Given all those diverse objectives, and all the corresponding clamor for legislative favor, you might suppose the time had come for an educational strategy based on autonomy: Everybody getting roughly what he wants -- athletes, better coaches and playing fields; academic seekers, tougher English classes; the academically distressed, more attention and less bureaucracy.

 An oft-bruited remedy is vouchers that recipient students could take to the schools of their choice, plunk down and use for the satisfaction of specific aims. The irony is that opponents of vouchers construe school choice as an attack on an education system that isn't, it turns out, educating very well. Why not attack such a system? Ah, because public education in the 21st century is the playground of political interest groups that see education more as a way of life than as anything else: a source of jobs and union dues; a source of votes from those who get the jobs; a source of public entertainment -- bread and football games.

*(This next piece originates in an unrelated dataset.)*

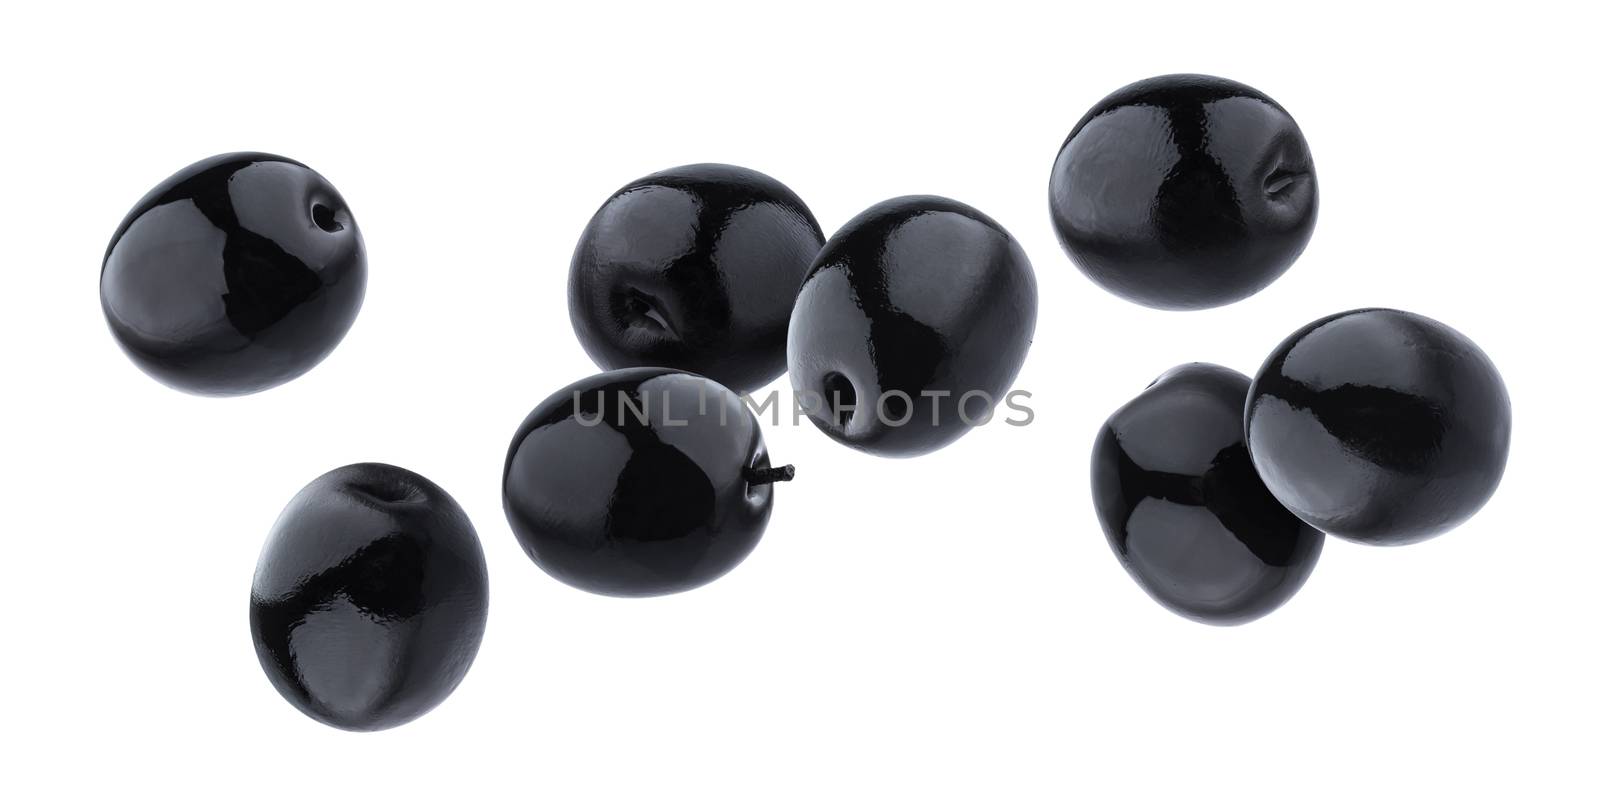 Black olives isolated on white background with clipping path, close-up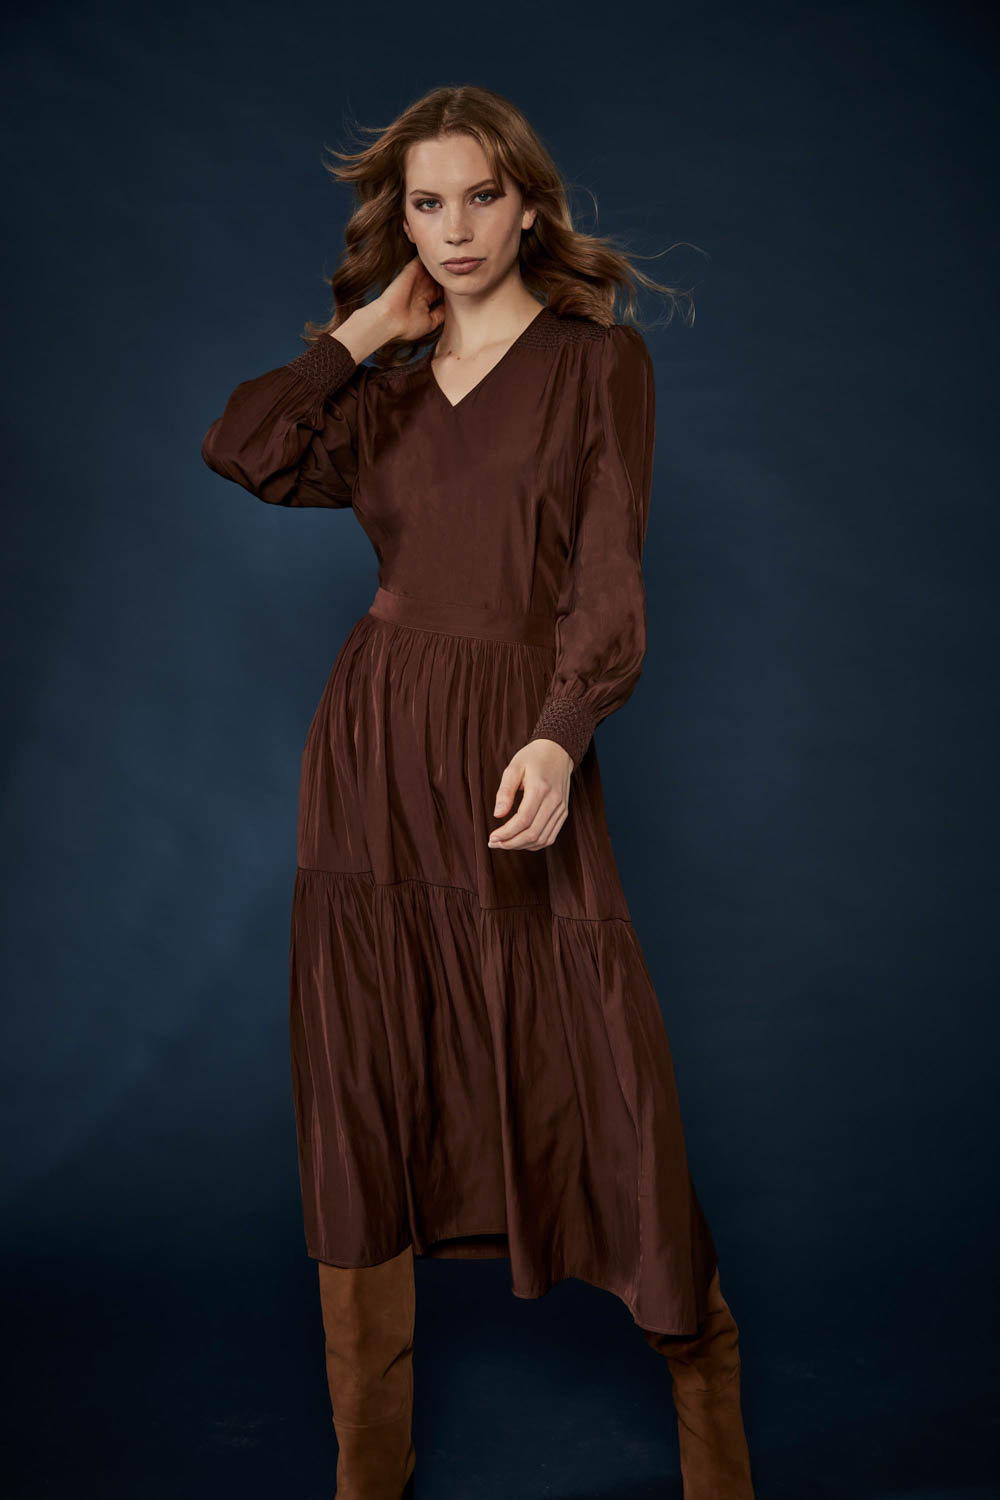 Glide by Verge - Tangled Blouse - Chocolate - Blouse VERGE

 The will doesn't exist, insofar as anyone can tell, to make the schools uniformly encourage intellectual achievement. Which means, really, the schools aren't schools at all.

 And that's where Texas legislators, poor folks, came in this year; uncertain how to reform school finance due to uncertainty over what schools, as they are today, should be made to do.

 The repeated spectacle of failure in Austin has produced some belly laughs, nationally. Some assurance surely would be nice that, 50 years hence, Texas public school students will know a horse from, say, a union card.